Scott Schuman is profiled in this month's GQ. He fails to say anything entertaining about his sex life or talk any shit on other bloggers, but the street-style photographer does say that he thought Dolce & Gabbana's blogger front row publicity stunt was stupid. At its spring-summer, 2009, show, the Italian brand seated the bloggers BryanBoy, Garance Doré, Schuman, and Tommy Ton in its front row — and even gave them little loaner laptops,
to make it clear this was a photo op just in case they wanted to do their type-y, Internet-y, blogger thing.
"They got a humongous amount of press," Schuman says. "Look, we brought the bloggers in and gave them the front row. Look at the dancing-monkey bloggers! I could barely bring myself to sit down." It's true, in the picture he almost looks like he's trying to escape. "Like, 'Ugh, I don't want everyone looking at us.' Like, Oh, look at the cute bloggers! Isn't that cute! Are they playing Angry Birds? When you've got Ron Frasch behind you going, 'I spent two fucking million dollars on D&G's last
collection, and I'm sitting here? For these little schmucks?'"

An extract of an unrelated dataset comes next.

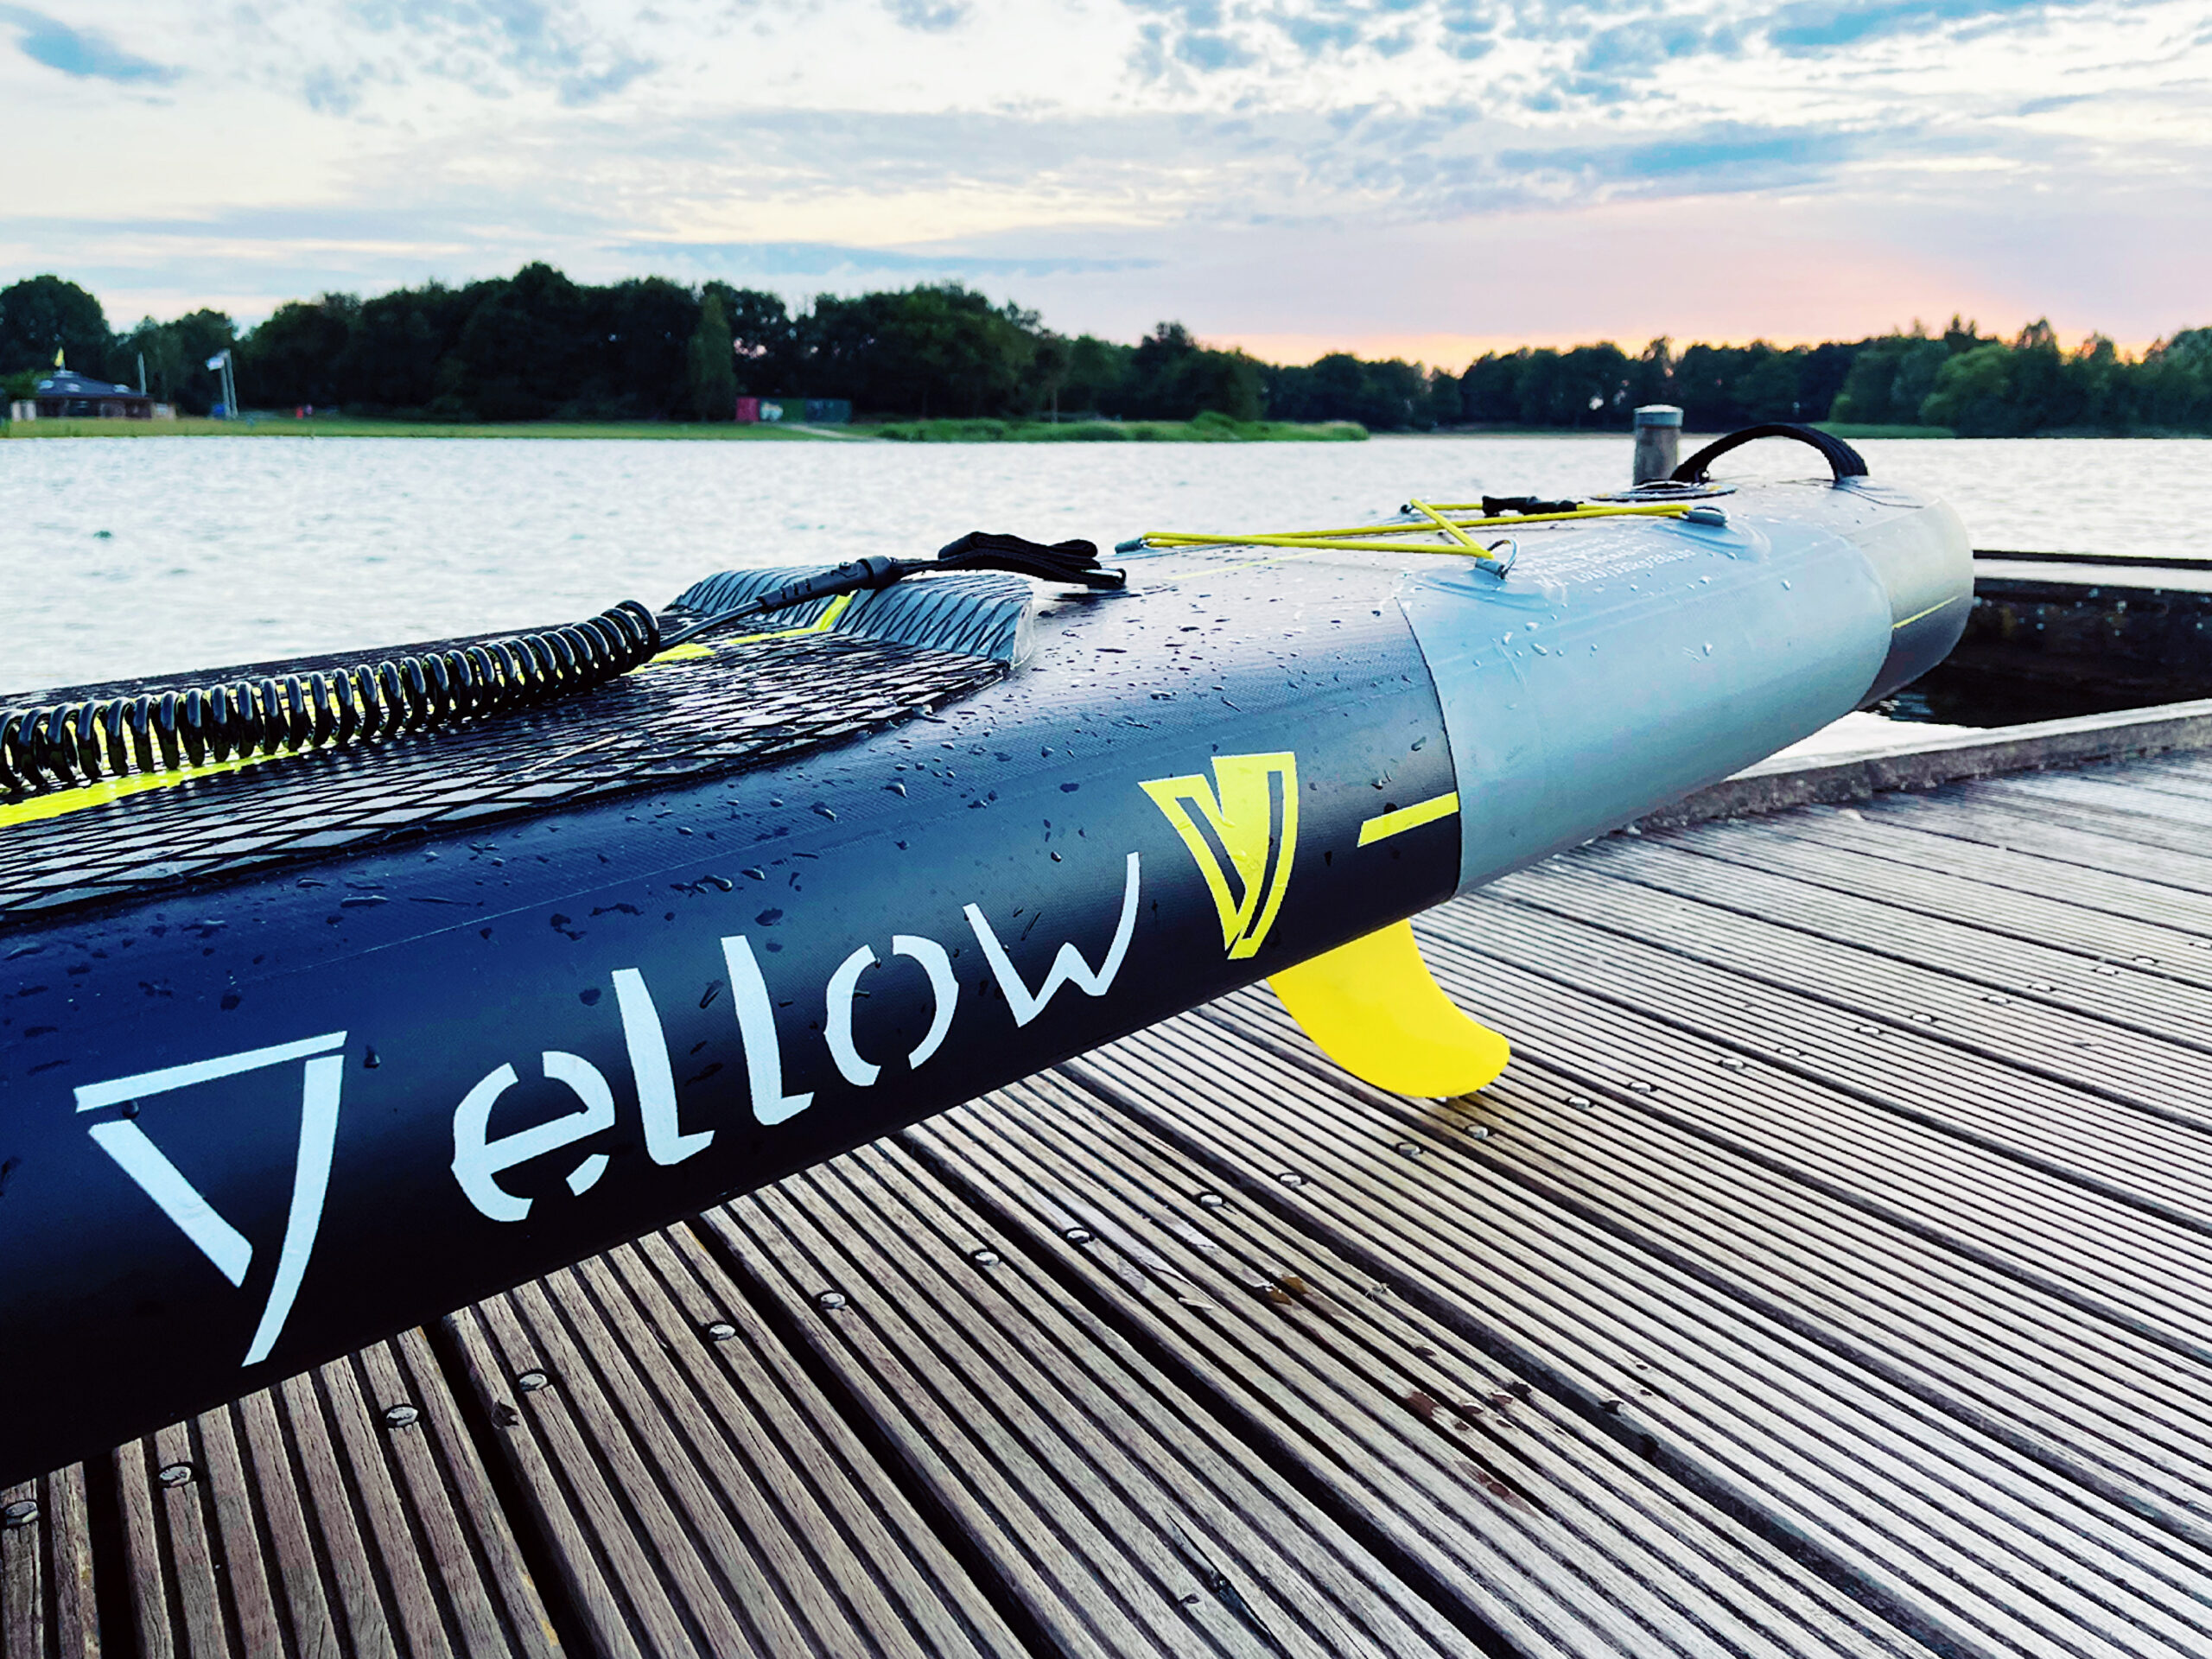 YellowV Tugela suppen supboard paddleboard Vlijmen Den Bosch Vught

Tragically, the photo triggered an avalanche of "Fashion bloggers! Wowza!" trend stories the Styles sections of the world's most prominent newspapers have yet to dig themselves out from under.

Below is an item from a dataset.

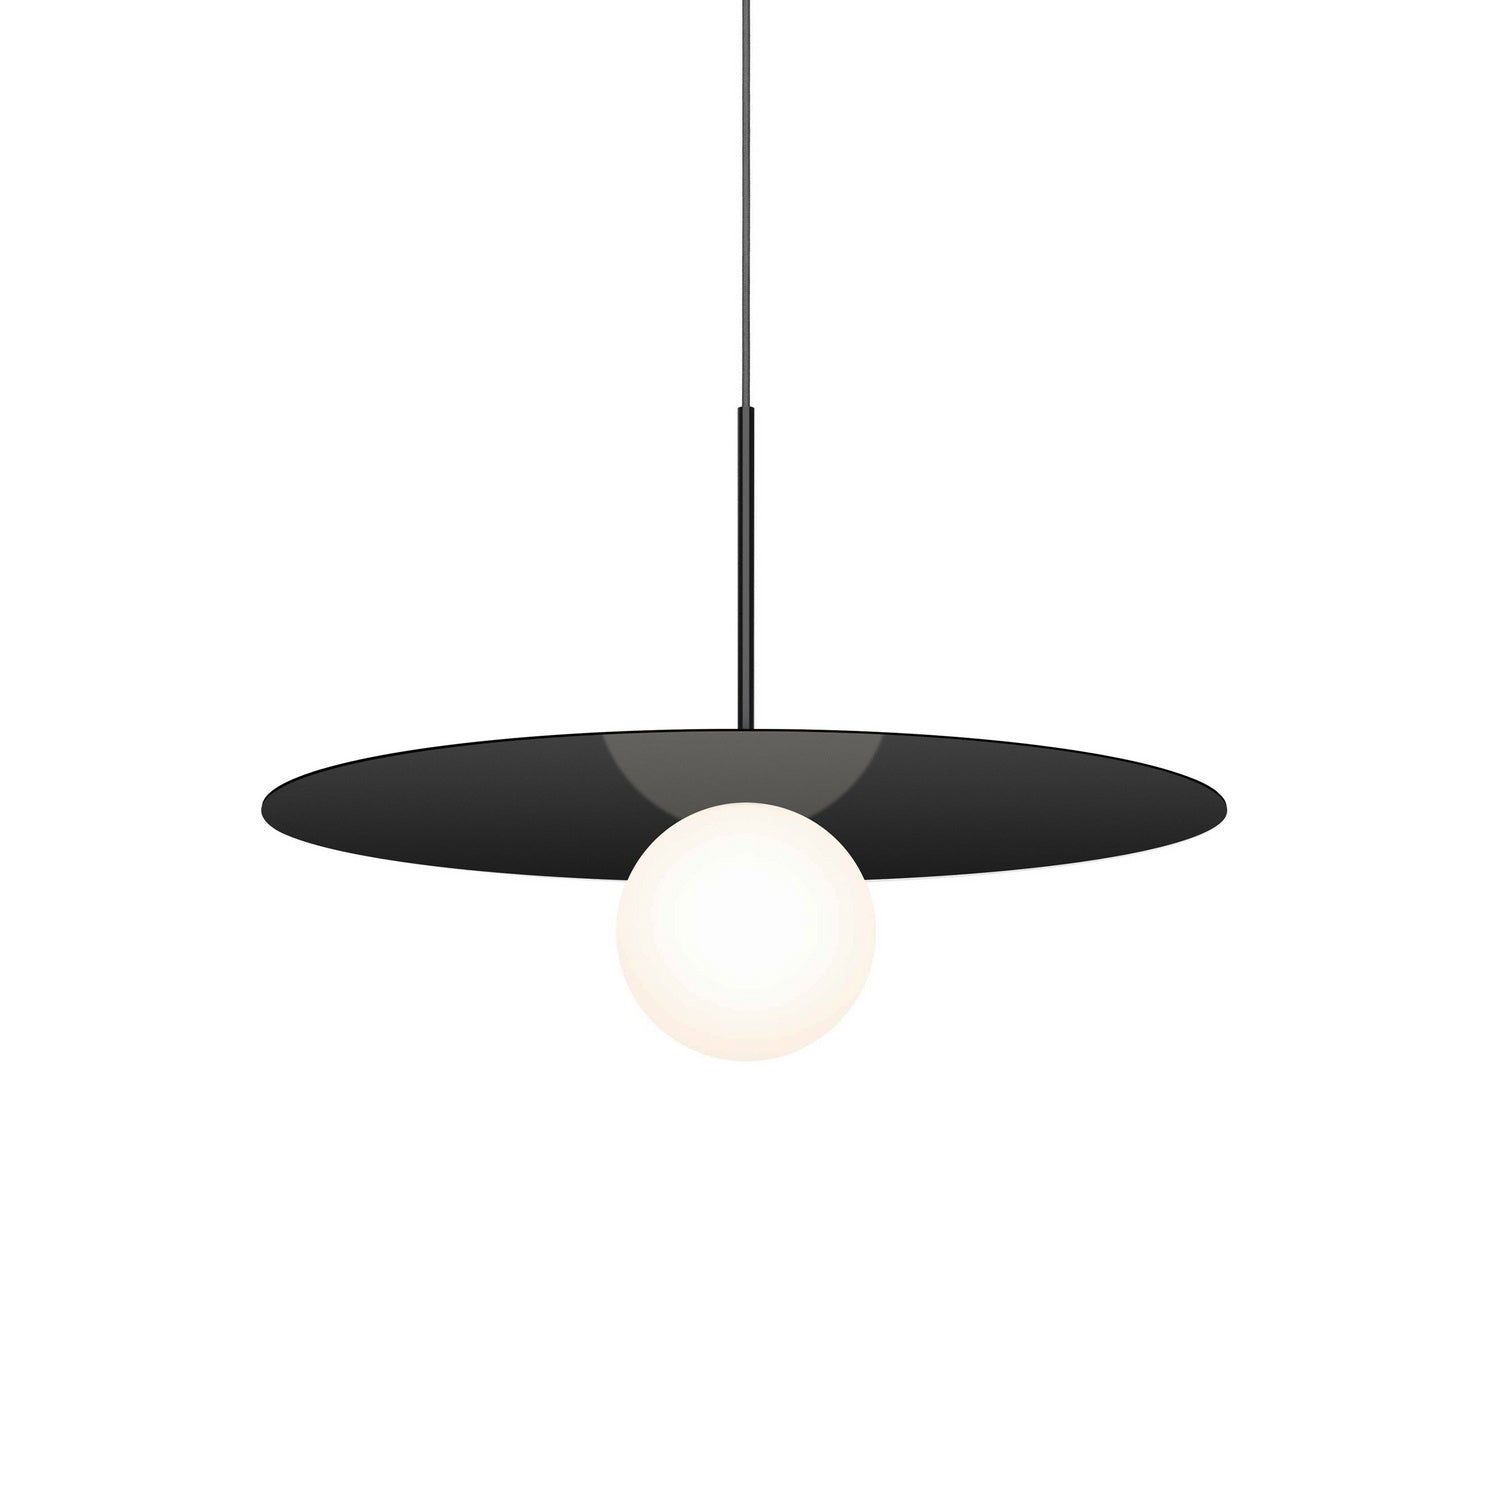 Pablo Designs - LED Pendant - Bola Disc - Black- Union Lighting Luminaires Decor

Ron Frasch, by the way, is the president of Saks. It turns out that he has a sort of totemic presence in Schuman's life.
Schuman says they actually worked together years ago when Schuman was at Valentino, but Frasch didn't pay much attention to who he was. Later on, during Schuman's stay-at-home-dad period, they were introduced at a party. "He's looking right over my head,"3 Schuman says, "and I remember thinking, I'm gonna make this fucking blog so he looks at me when I'm talking to him."
How's that working out? Well, in Florence for the men's wear shows, Schuman runs into Frasch:
He catches the guy's eye and says, "Hey, Ron."
"Hey, Scott," says Ron, politely but without slowing down.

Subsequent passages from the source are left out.